A escassez de contribuições do lado da receita, o aumento dos pensionistas 256 e o

aumento do período de benefício das pensões, associada ao aumento da esperança media de vida são as principais causas do inevitável desiquilíbrio financeiro da CGA.

Acresce ainda o facto de o Estado contribuir anualmente, há quase duas décadas, para a CGA com verbas sempre crescentes, superiores às que resultariam da taxa do empregador comum sucessivamente em vigor no âmbito do RGSS257.

Da nossa parte realçamos que, é necessário um amplo consenso entre o Estado e os pensionistas para a sustentabilidade deste sistema previdencial, sendo necessário cedências de ambas as partes.

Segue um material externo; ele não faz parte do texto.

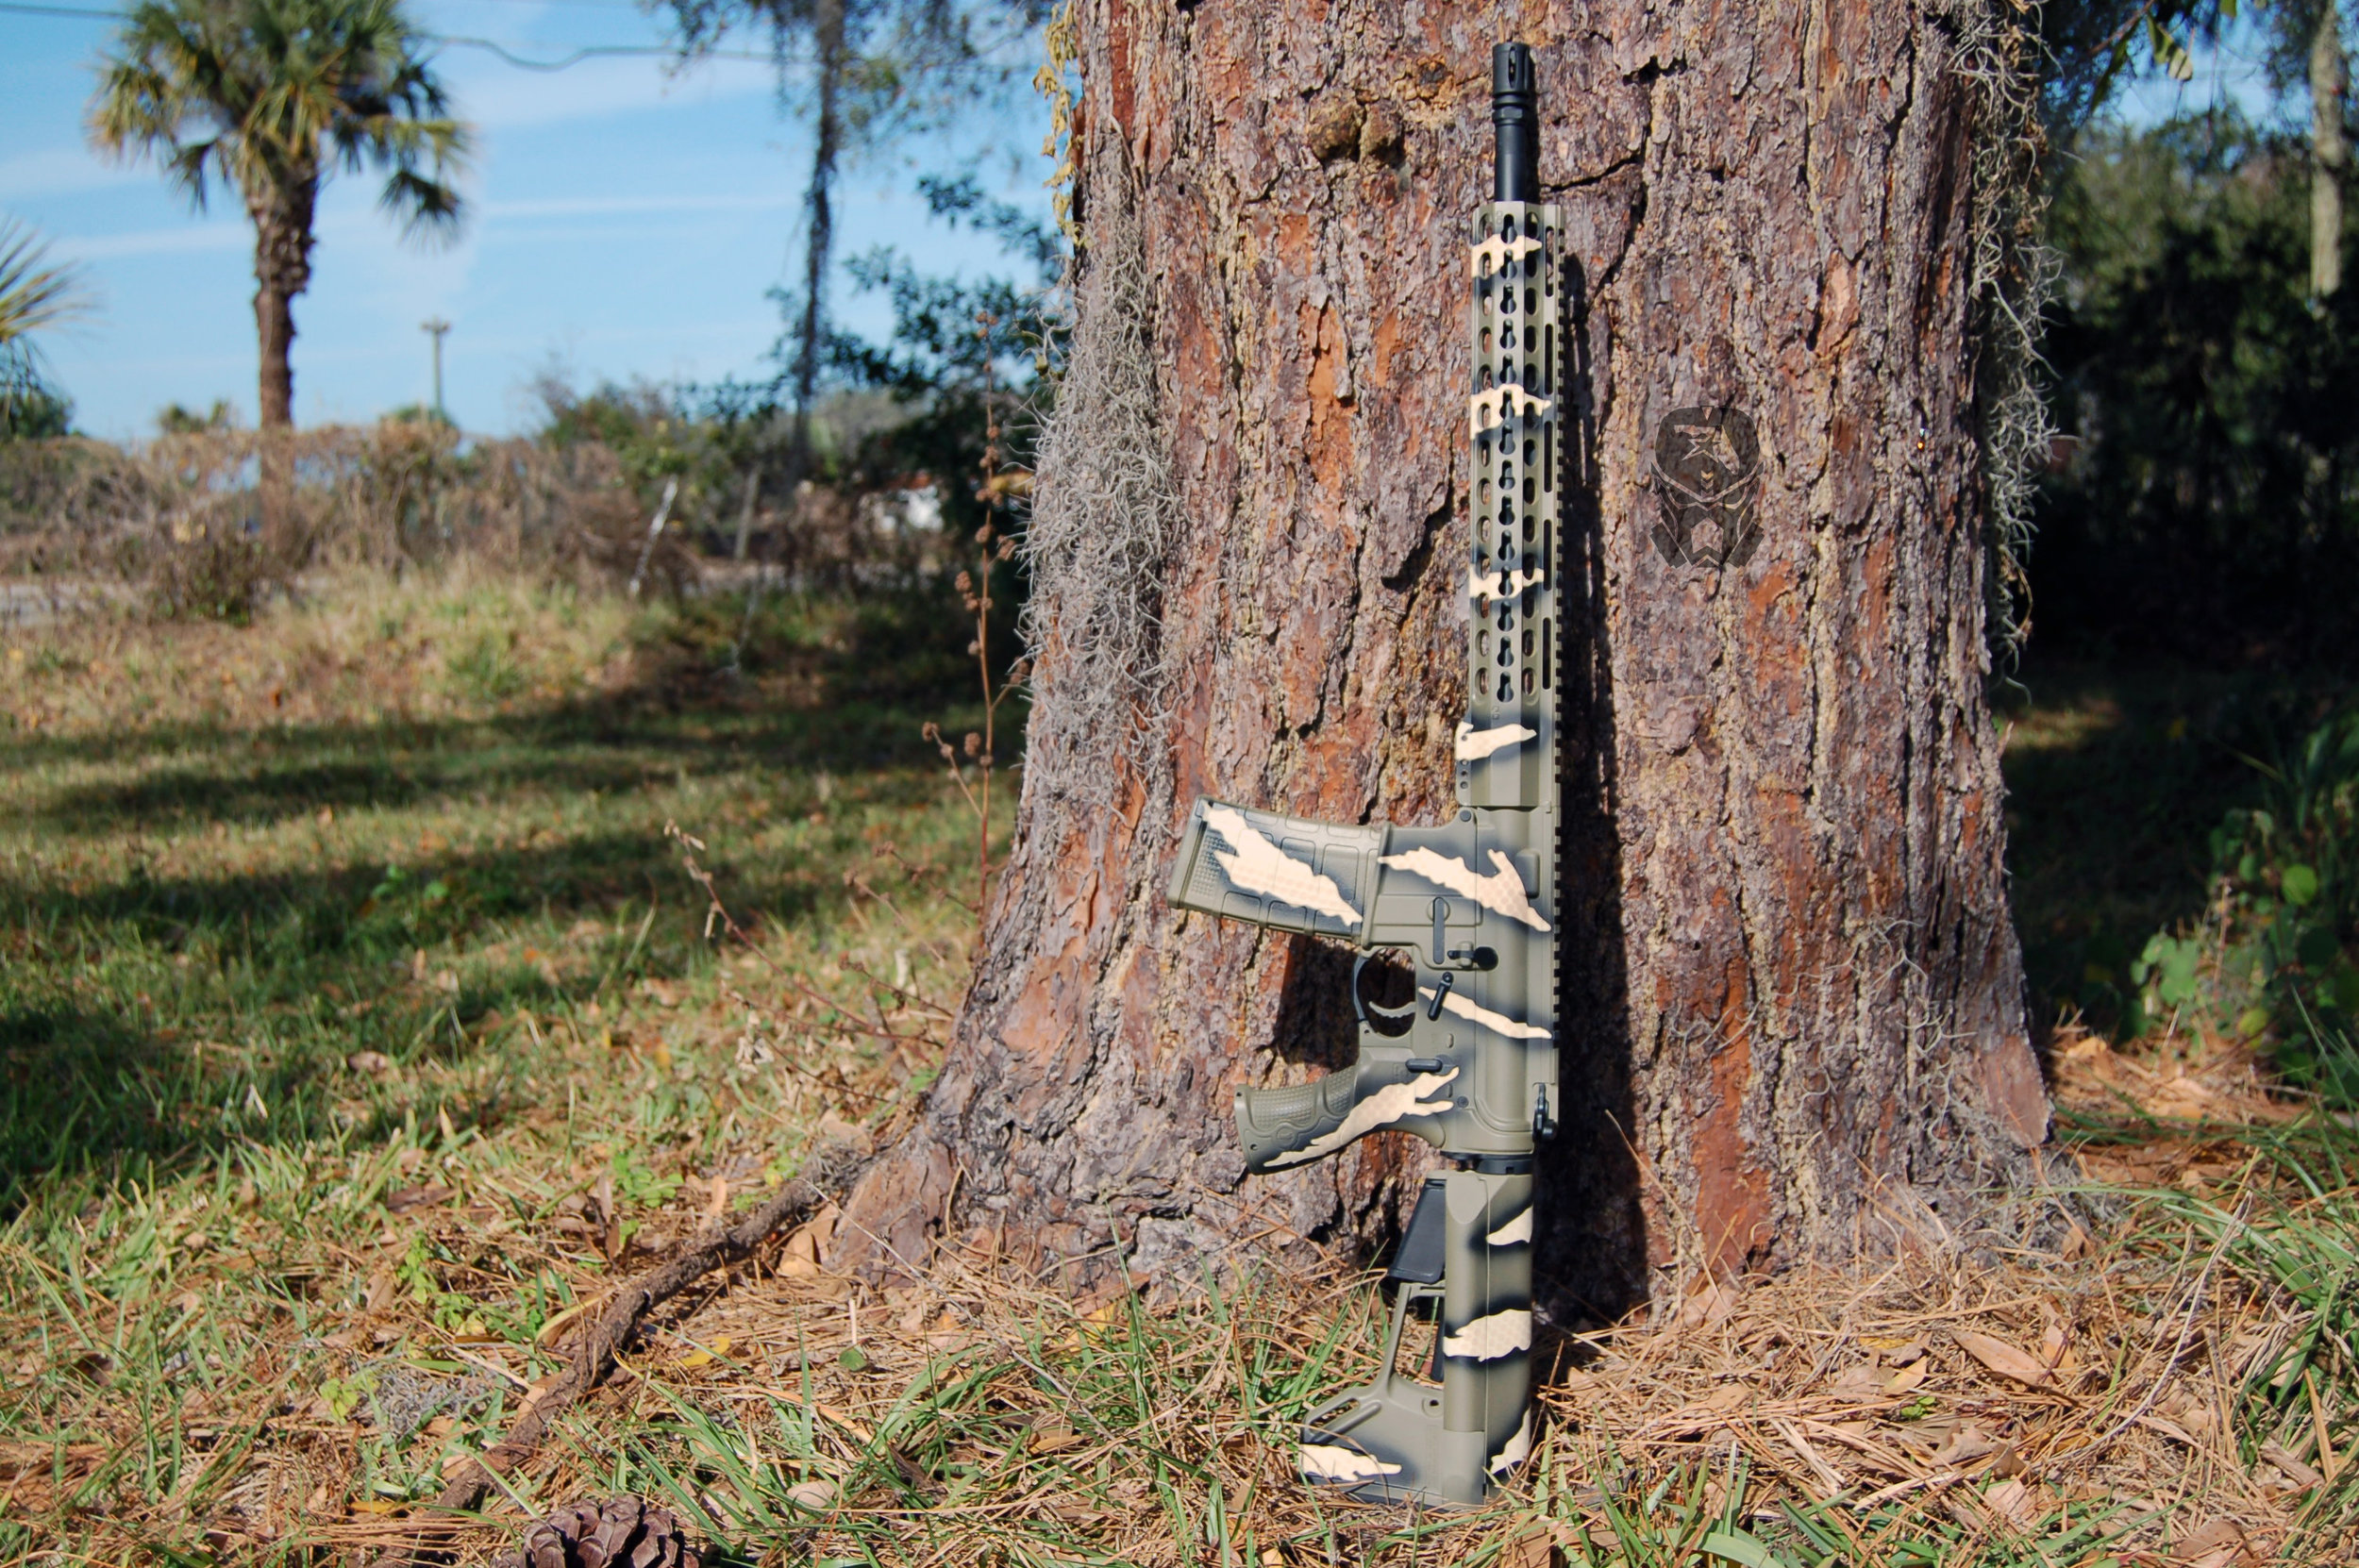 Riptile Camo AR15

O Tribunal Constitucional deixou em aberto a possibilidade de reformas estruturais tendo em vista o futuro da CGA, deixando ao legislador a possibilidade de legislar no sentido de preservar a sustentabilidade e justiça intergeracional desde que, a norma jurídica seja desenhada em obediência ao princípio da proteção da confiança.

Todavia, a par das medidas sugeridas, serão também necessárias medidas que promovam o crescimento económico de forma a exisitr um aumento das contribuições, tornando assim o Estado Social, neste domínio, sustentável258.